My simple solution now is that i’ve removed the error message (in favor of a small notice) in the cannon function that checks the normals and replaced that with 3 lines that swap the faces vertices. Then I call computeNormals a second time in the constructor, and on the second pass indeed no more vertices need to be swapped.

It’s a bit odd that this wouldn’t be in the base library (why error without trying the first obvious fix), but anyway, the collisions now work perfectly as intended!

Most likely the reason for this is that fixing issues with user data is not a goal of the library. It only warns if there is something suspicious.

For example, it does not fix wrong normals, because it takes a lot of computations to be really sure that a normal is wrong, because it may appear wrong:

  • if it is really wrong (then only its face must be fixed)
  • if it is correct, but (0,0,0) is outside the shape (then all vertices must be fixed)
  • if it is correct, but the shape is not convex (then only some vertices must be fixed)
  • if is is correct, but there are coplanar faces (then only some vertices must be fixed)

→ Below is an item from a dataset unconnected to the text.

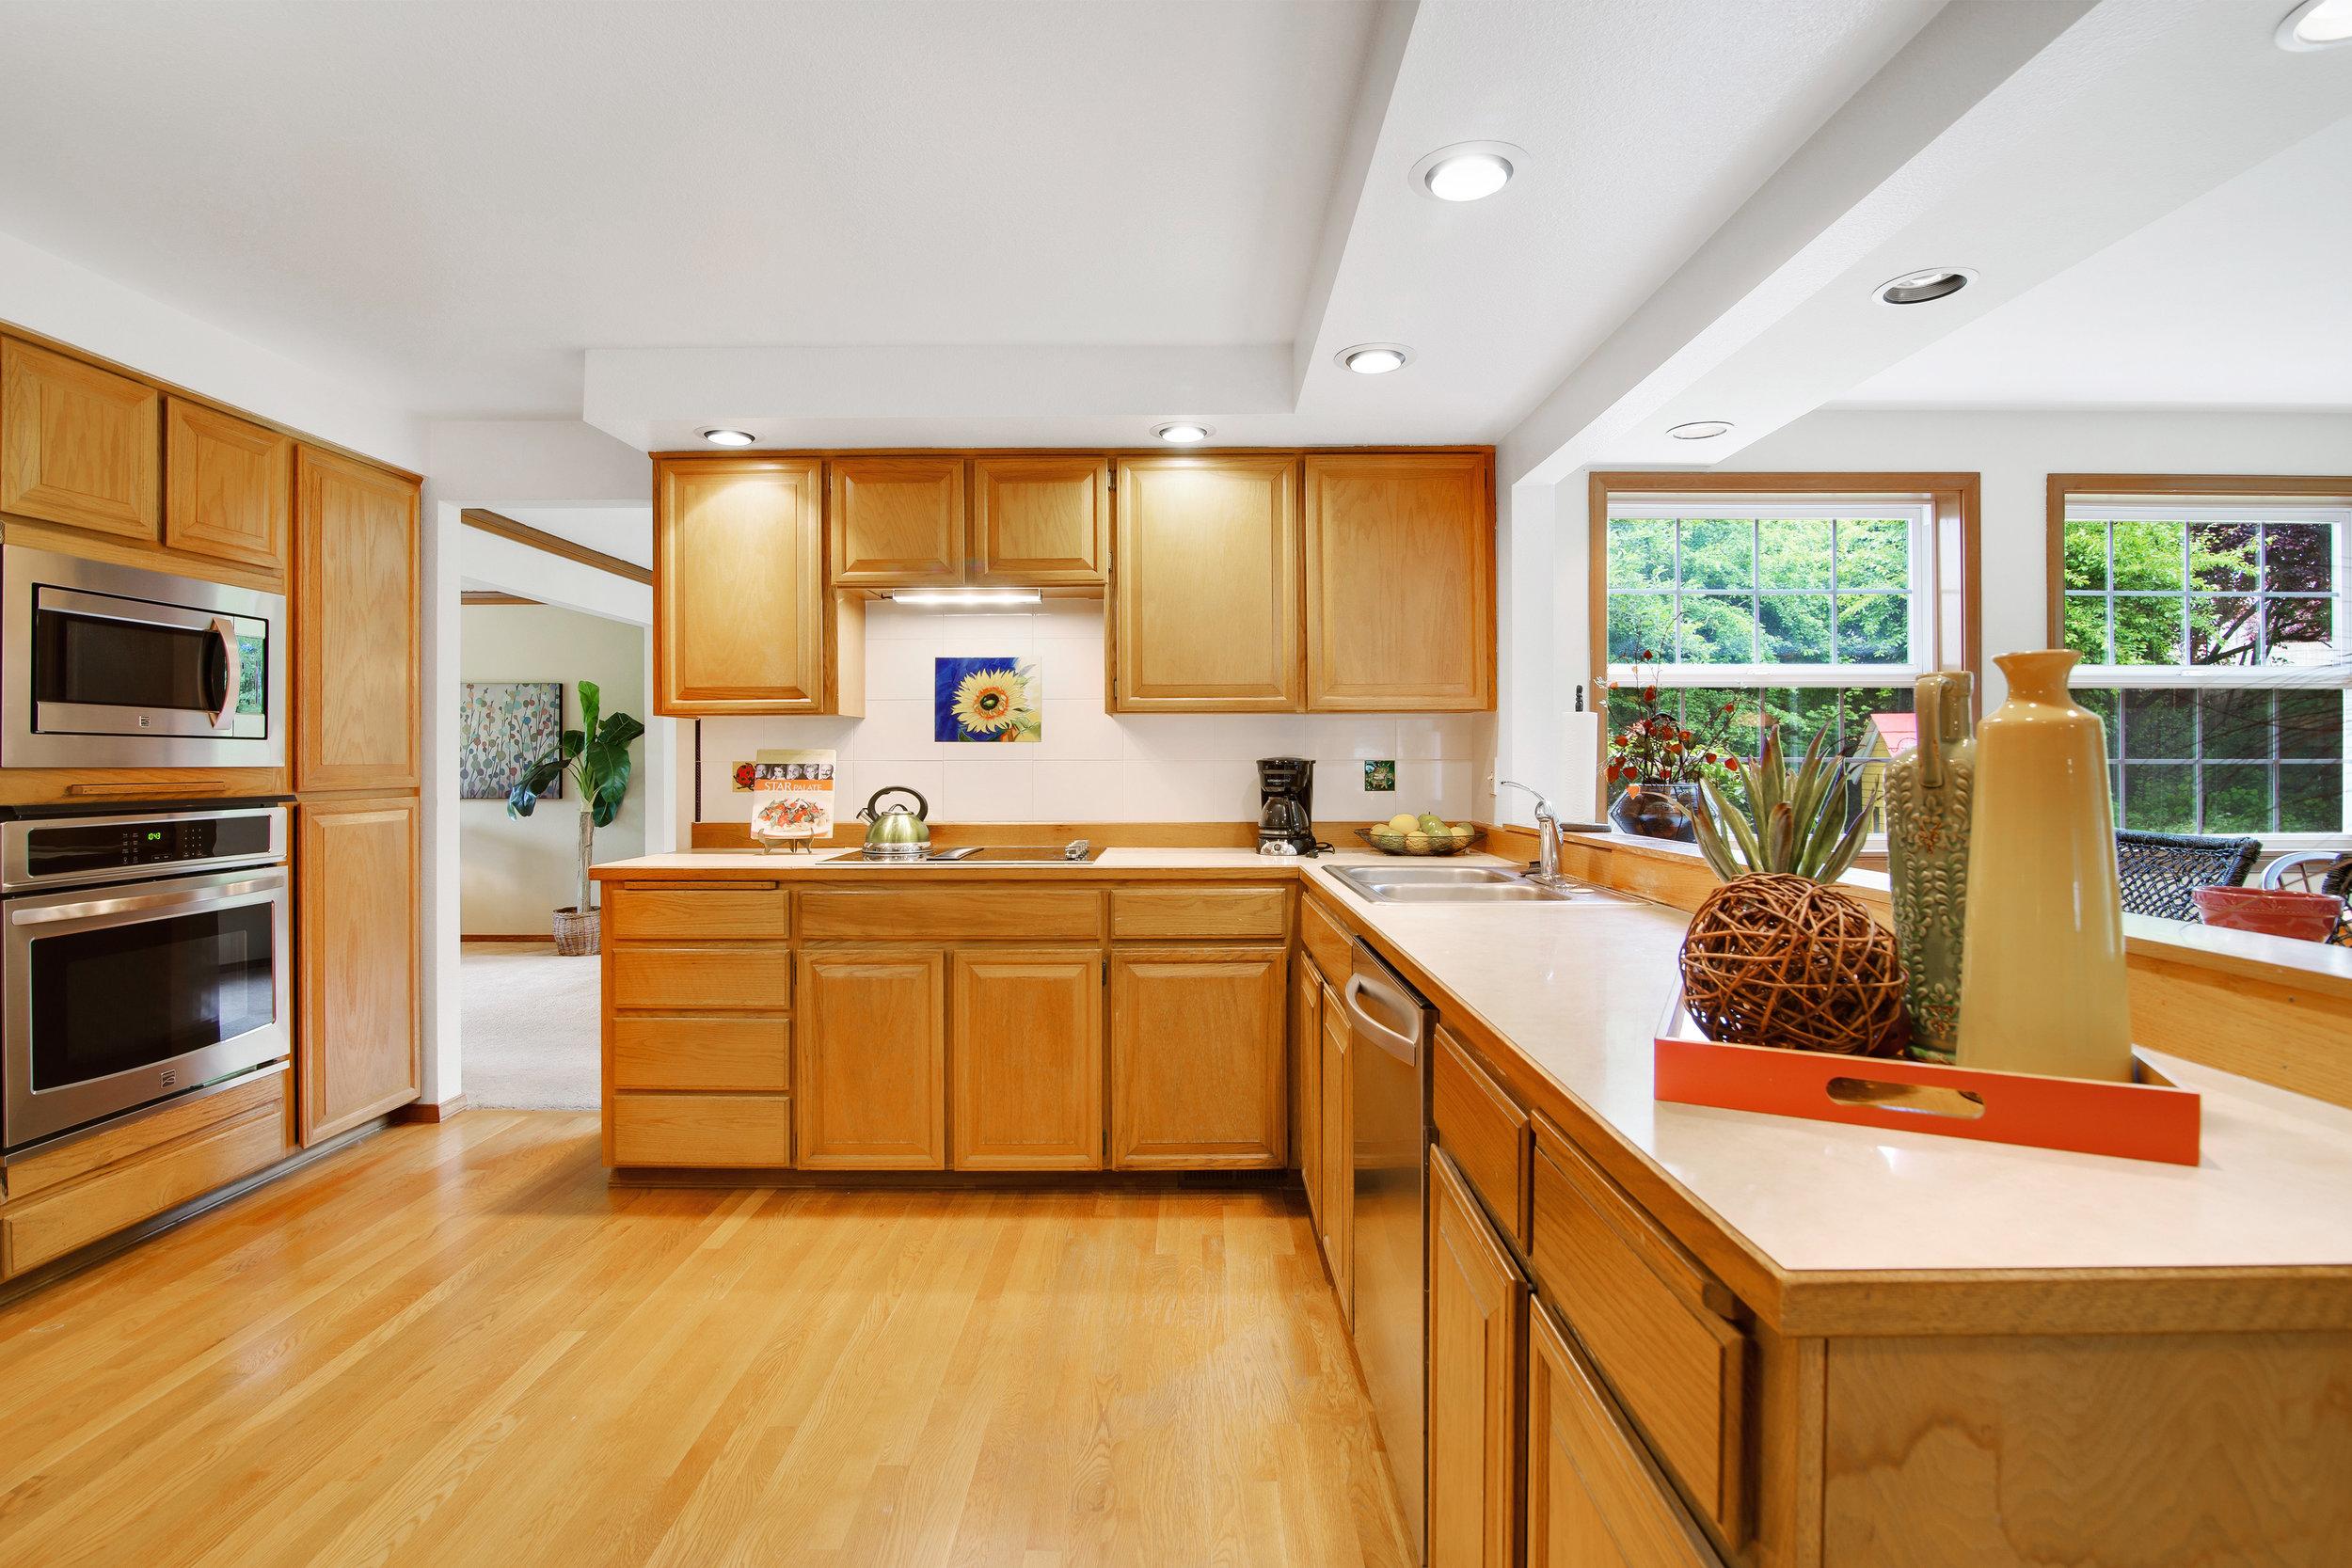 bothell_cul--de-sac_kitchen.jpg

The computation point is fair. Would make it opt-in by a warning asking the user to turn it on for debugging.
Though the first fix, of swapping the faces, is pretty much a trivial amount of computation, as it already did the normal check and just swaps some indices. The second pass isn’t necessary, unless you wan’t to double check that swapping worked, which you can do once for an object and then turn it off.

Almost the same thing goes for centering the vertices by the mean, which runs at O(n), one pass to accumulate the mean, another to subtract the mean from each vertex.

If you really want to cut down on computation you can serialize the object post-check and init it from json with no extra computation at all.